NSA Does Not Expressly Incorporate or Presumptively Apply FAA Procedural Rules
Regarding the insurer's express incorporation argument, the court reasoned that the NSA incorporated only one relatively narrow aspect of the FAA. Specifically, the court observed, the NSA provides that IDR arbitrator decisions generally are not subject to judicial review other than for four grounds described by cross-reference to the FAA. These FAA provisions permit courts to vacate an arbitration award due to:
Corruption, fraud, or undue means.
Evident partiality or corruption on an arbitrator's part.
Misconduct by the arbitrator involving certain procedural irregularities (for example, refusing to hear relevant evidence).
The court also rejected the insurers' argument that the FAA as a whole presumptively applied—because the NSA's IDR procedures are a form of arbitration. The court distinguished arbitration in the FAA context, which arises from an agreement to arbitrate, versus IDR arbitration, which is statutorily imposed. The court observed that neither the FAA nor the NSA provides that the FAA governs the NSA (aside from the four expressly referenced provisions).
As a result, the court held that the air ambulance services providers were not required to comply with the FAA's "form and timing requirements" in challenging an IDR arbitrator's determination under the NSA.
Scope of Judicial Review Is Narrow
Regarding the scope of judicial review, the court reasoned that by incorporating the FAA's grounds for challenging an arbitration award, Congress also incorporated the commonly understood meaning of those grounds—which, in the court's view, are "extremely narrow." The court therefore concluded that:
Judicial review of arbitration awards must be deferential and restrained.
Challenges to IDR arbitrator decisions by providers or insurers may rarely be successful.
Finally, the providers argued that the NSA requires that an IDR arbitrator's determination is binding on the parties involved if there is no fraud or evidence of misrepresentation of material facts presented to the IDR arbitrator. According to the providers, this provision offered an additional ground for judicial review. Rejecting this argument, the court reasoned that the NSA provision at issue:
Did not include information about challenging an arbitration award based only on factual misrepresentations to the IDR arbitrator.
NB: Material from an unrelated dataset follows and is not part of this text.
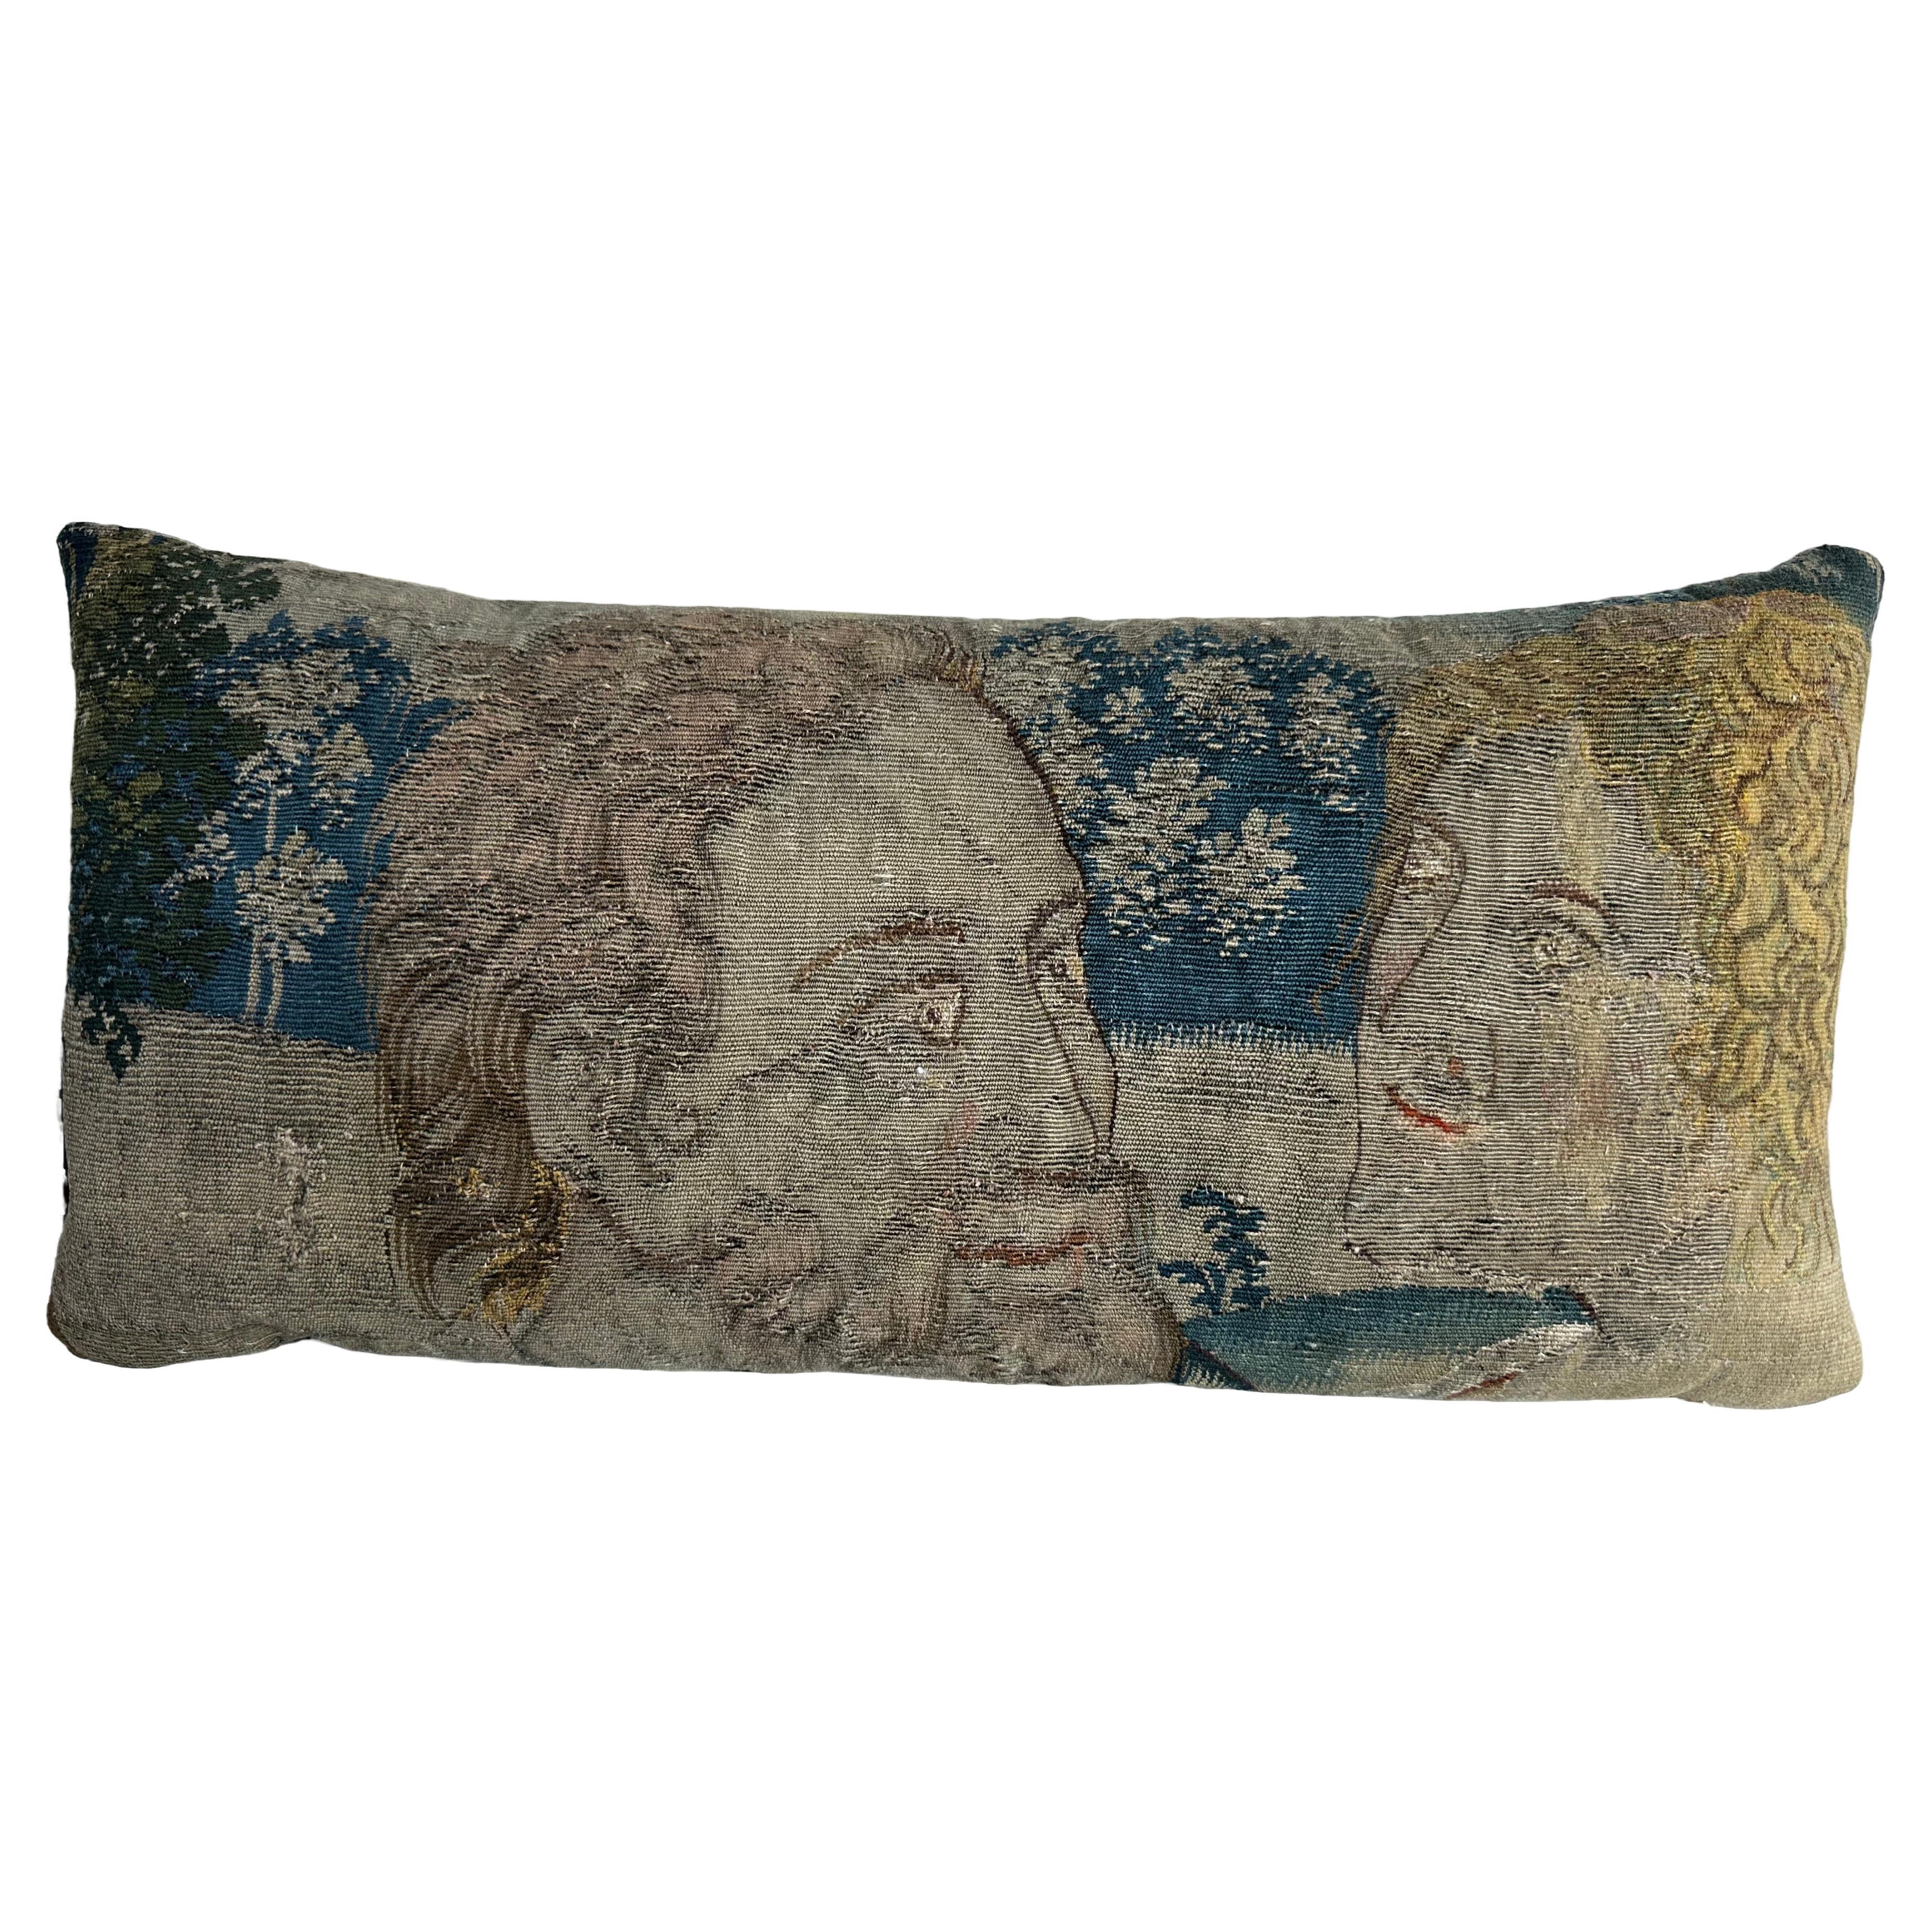 Brussel 16th Century Pillow - 24" X 12" For Sale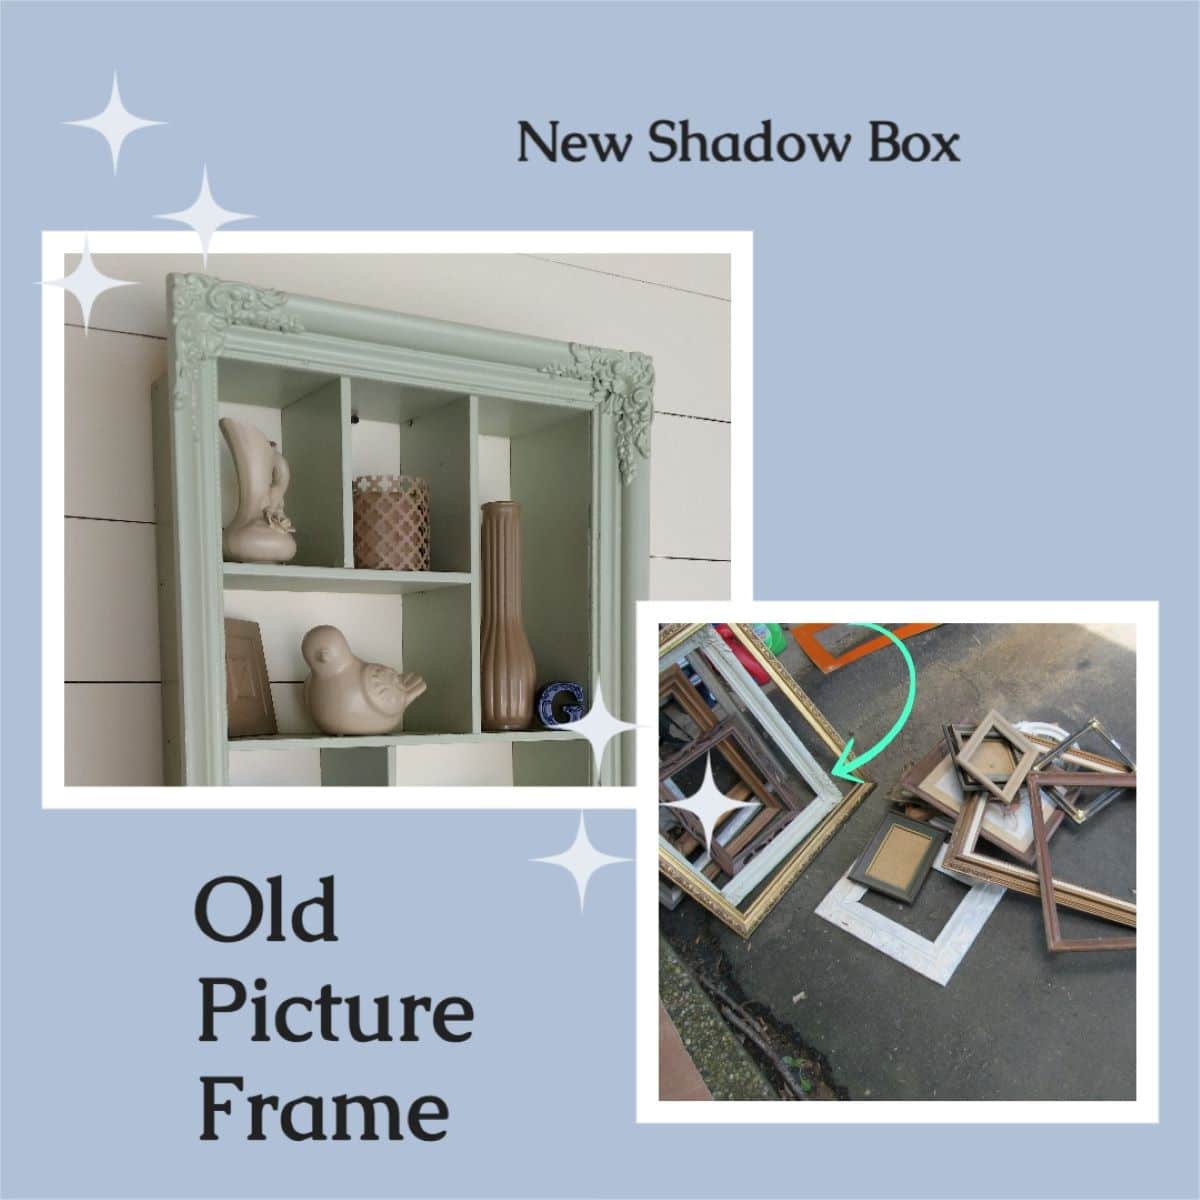 How to Display Keepsakes in a Shadow Box Without Gluing Them Down

Explicitly limited the scope of judicial review to the four grounds under the FAA.
Providers Failed to State a Claim
Addressing the providers' claims, the court concluded that the providers' allegations that the insurers failed to provide required disclosures and submitted incorrect information regarding their QPAs (and the IDR arbitrator's alleged reliance on an improper QPA presumption) failed to state a claim. However, the court permitted the providers to amend their complaints.
IDR Entities as Defendants
The court also concluded that the IDR entity in this case (which, as noted, was the same entity in both the Florida and California disputes) was not a proper party to a suit under the NSA. The court reasoned that although the NSA established a limited right to judicial review, it did not create a cause of action to sue IDR entities. Having so held, the court did not reach the entity's argument that arbitrators and sponsoring arbitration organizations have absolute immunity for conduct in connection with an arbitration.
Potential parties to the NSA's federal IDR process will be interested in this court's analysis and conclusions regarding the relatively limited avenues for FAA review of NSA/IDR arbitration determinations. But given the high volume of IDR arbitration disputes under the NSA, we wouldn't be surprised if other courts are also eventually asked to rule on the FAA's applicability.
In another development involving ambulance services under the NSA, the Departments of Labor, Health and Human Services, and Treasury confirmed in proposed regulations issued earlier this month that they do not interpret the NSA's surprise billing rules as governing emergency or non-emergency ground ambulance services (see Practice Note, Surprise Medical Billing for Group Health Plans: Overview: Applicability to Air Ambulance Services). According to the Departments, this includes ground ambulance transports for participants and beneficiaries who have been stabilized but require transfer to another facility.